The CBA Subscription Facility bears interest at a rate of: (i) with respect to Eurocurrency Rate Loans (as defined in the CBA Subscription Facility), the greater of (x) the rate designated with respect to the currency in which the loan is denominated, and (y) 0%, plus 1.65%; (ii) with respect to RFR Loans (as defined in the CBA Subscription Facility) in Sterling, SONIA, plus 1.70%, plus a SONIA spread adjustment set forth in the CBA Subscription Facility; (iii) with respect to RFR Loans (as defined in the CBA Subscription Facility) in Dollars or Terms SOFR Loans, SOFR or Term SOFR as applicable, plus 1.65%, plus the SOFR spread adjustment set forth in the CBA Subscription Facility; and (iii) with respect to Reference Rate Loans (as defined in the CBA Subscription Facility), (x) the greatest of (1) the prime rate, (2) the federal funds rate plus 0.50%, and (y) Term SOFR plus 1.00%, provided that the reference rate will not be less than 2.00%, plus (y) 0.65%, each as calculated in accordance with the CBA Subscription Facility. The CBA Subscription Facility is secured by the unfunded investor commitments to purchase our Common Units.
For the three months ended March 31, 2022, we borrowed $151.5 million and repaid $115.5 million under the CBA Subscription Facility. As of March 31, 2022, we had $250.0 million outstanding under the CBA Subscription Facility. As of March 31, 2022, we had $175.0 million of available capacity under the CBA Subscription Facility (subject to borrowing base restrictions).

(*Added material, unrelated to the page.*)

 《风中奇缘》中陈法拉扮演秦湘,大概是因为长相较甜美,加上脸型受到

As of March 31, 2022, we were in compliance with all covenants and other requirements of the CBA Subscription Facility, as well as the leverage restrictions contained in the 1940 Act.
Barclays Funding Facility
On March 7, 2022, T Series SPV LLC, entered into a Credit and Security Agreement (the “Credit and Security Agreement”) with T Series SPV LLC, as the borrower, the lenders party thereto (the “Lenders”), Barclays Bank PLC (“Barclays”), as the administrative agent for the Lenders, the Company, as the servicer and retention provider, and State Street Bank & Trust Company, as collateral administrator, collateral agent and securities intermediary, pursuant to which the Lenders have agreed to extend credit to T Series SPV LLC in an aggregate principal amount up to $400.0 million at any one time outstanding, with up to an additional $350.00 million available pursuant to an accordion feature (the “Barclays Funding Facility”).

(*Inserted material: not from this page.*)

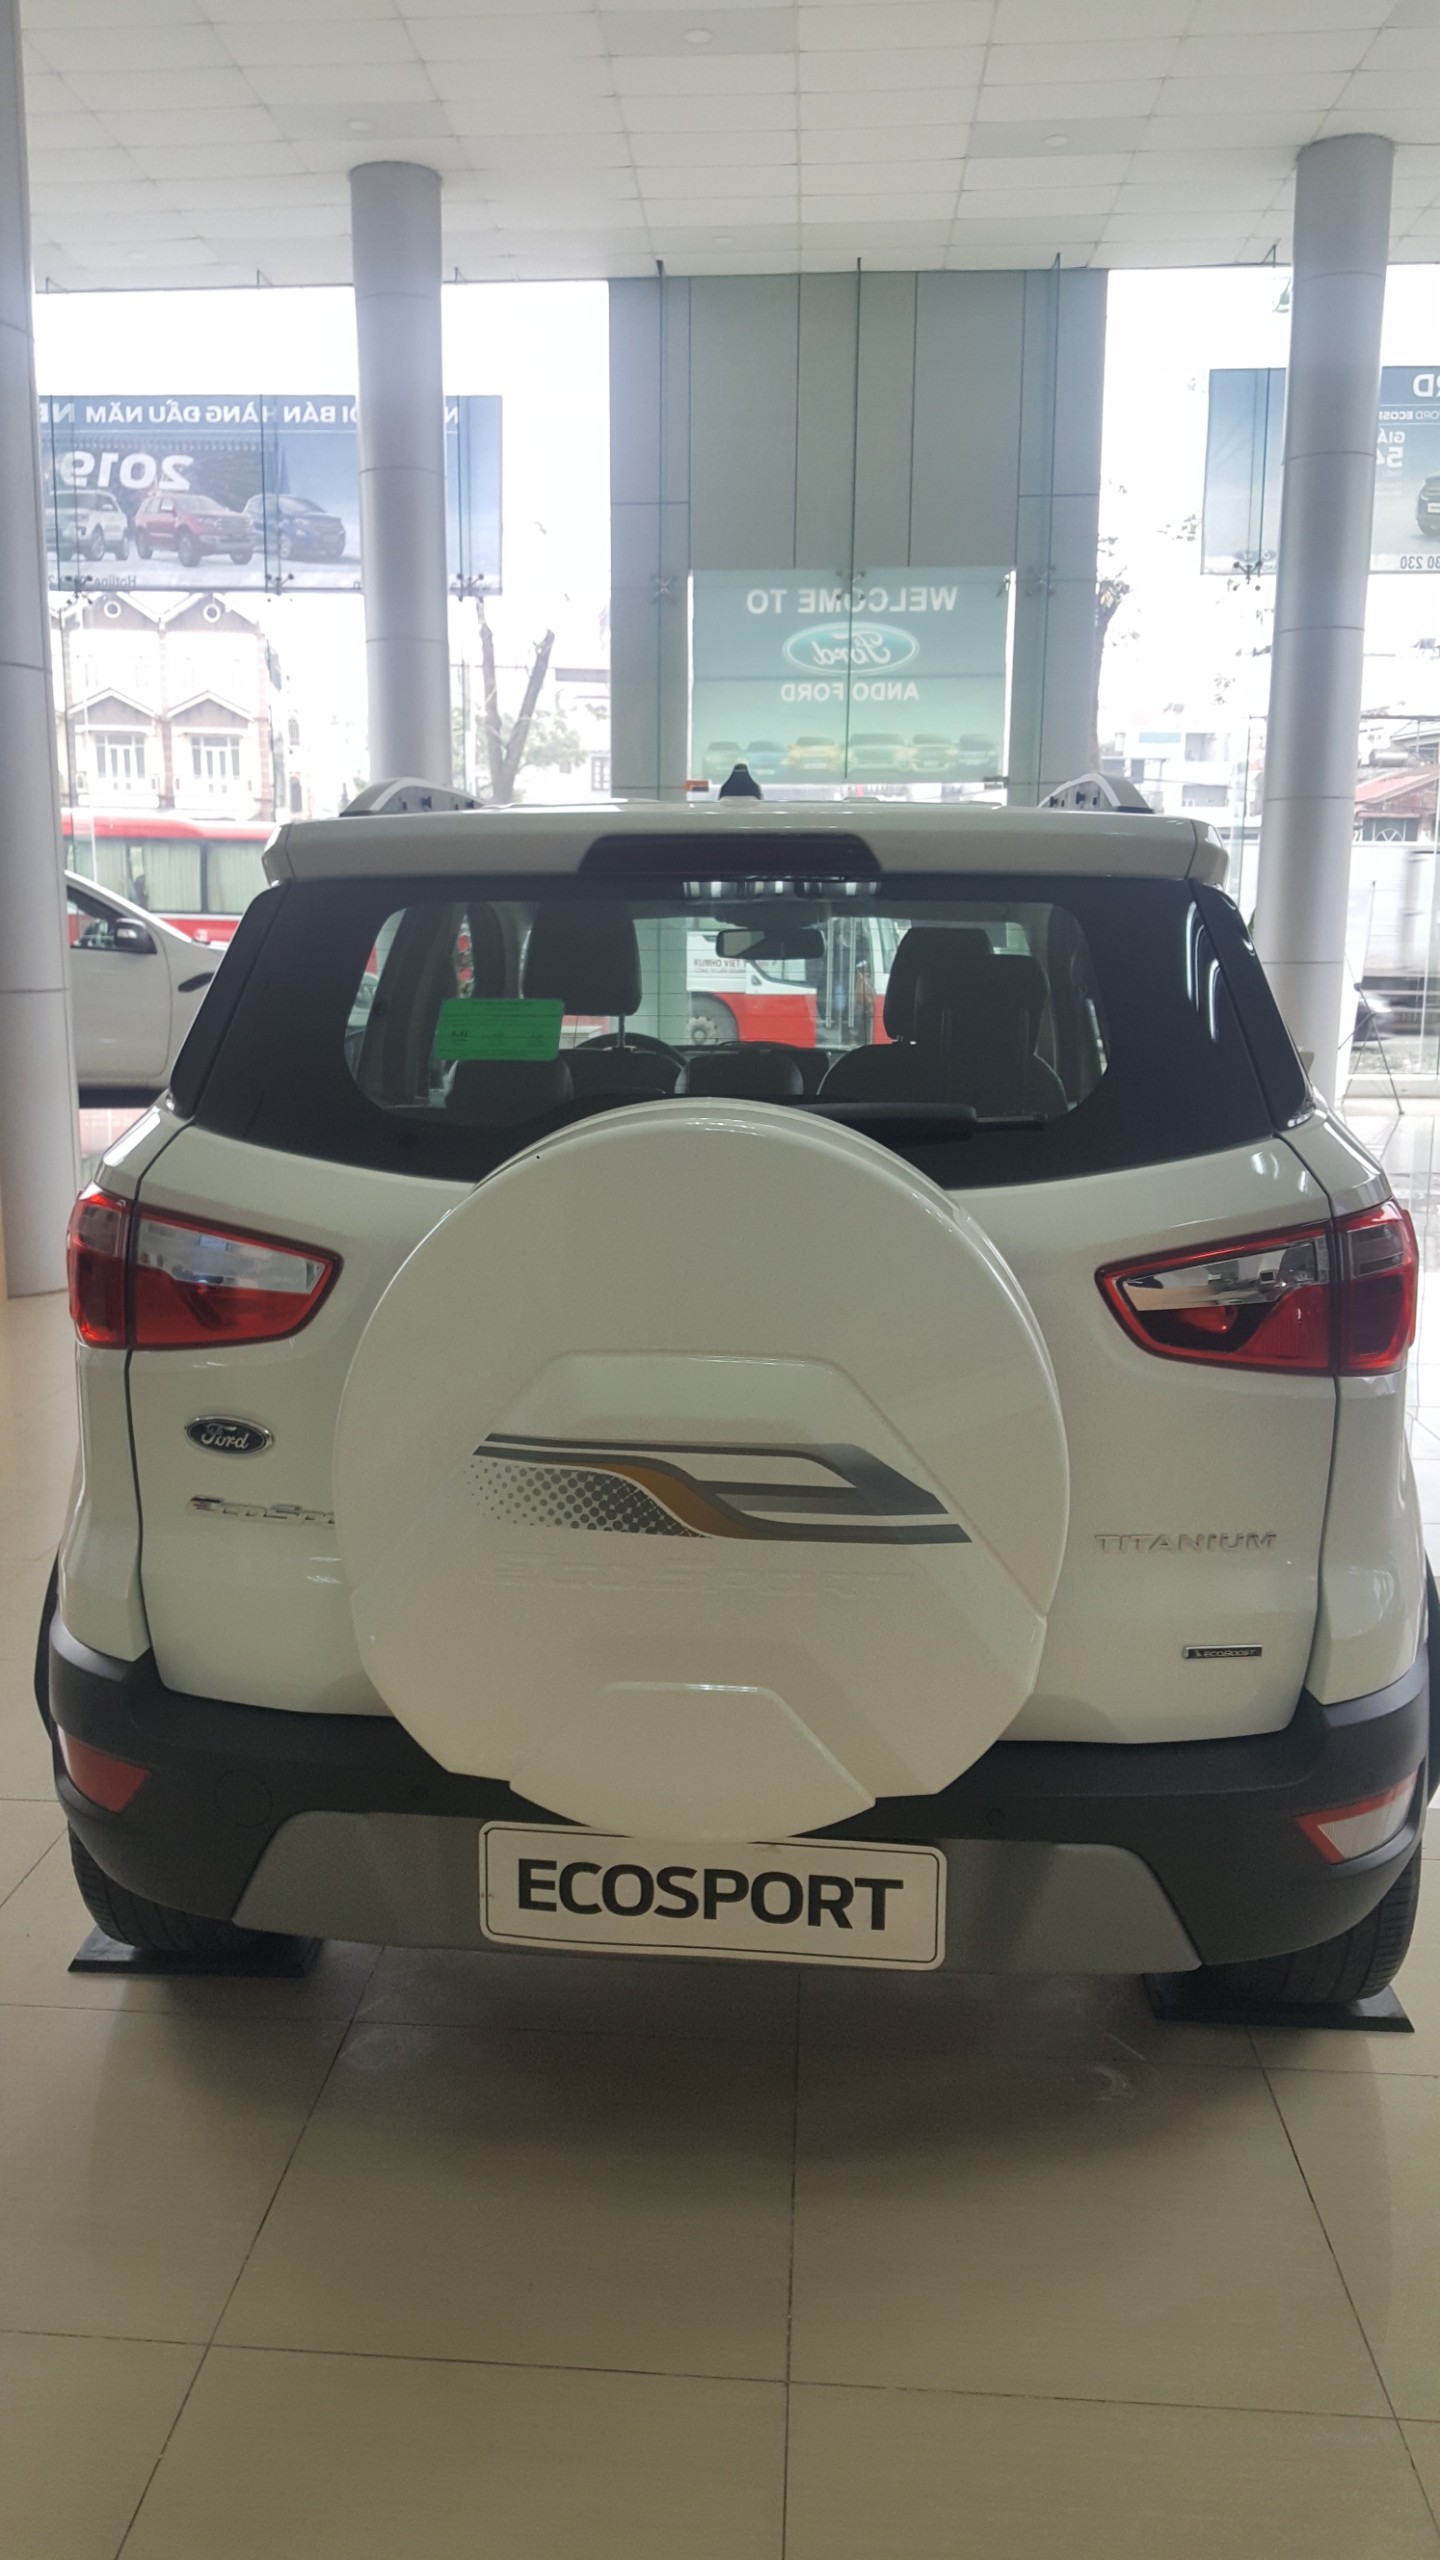 Ecosport giảm giá kịch sàn, ưu đãi tặng nhiều phụ kiện-3

The Barclays Funding Facility is a revolving funding facility with a reinvestment period ending March 7, 2025 and a final maturity date of March 7, 2027. Advances under the Barclays Funding Facility are available in US dollars, British Pounds, Euros or Canadian dollars and such advances bear interest at a rate equal to an applicable margin plus, at T Series SPV LLC’s option, either (a) a rate based on Term SOFR, Daily Simple SONIA (or if Daily Simple SONIA is not available the Central Bank Rate), EURIBOR or CDOR, as applicable (or, if such rate is not available, a benchmark replacement) (each as defined in the Credit and Securities Agreement) or (b) a “base rate” (which with respect to US dollars is a rate per annum equal to the greater of a prime rate and the federal funds rate plus 0.50%; with respect to Canadian dollars is a rate per annum equal to the greater of the PRIMCAN Index and CDOR plus 1.0% and with respect to British Pounds and Euros is equal to the annual rate of interest announced from time to time by Barclays (or an affiliate thereof) as being its reference rate then in effect for determining interest rates on commercial loans made by it in the United Kingdom (with respect to GBP advances) or the Euro Zone (with respect to Euro advances), as applicable). The applicable margin with respect to advances under the Barclays Funding Facility generally ranges between 1.90% and 2.65% (depending on the type of assets such advances relate to).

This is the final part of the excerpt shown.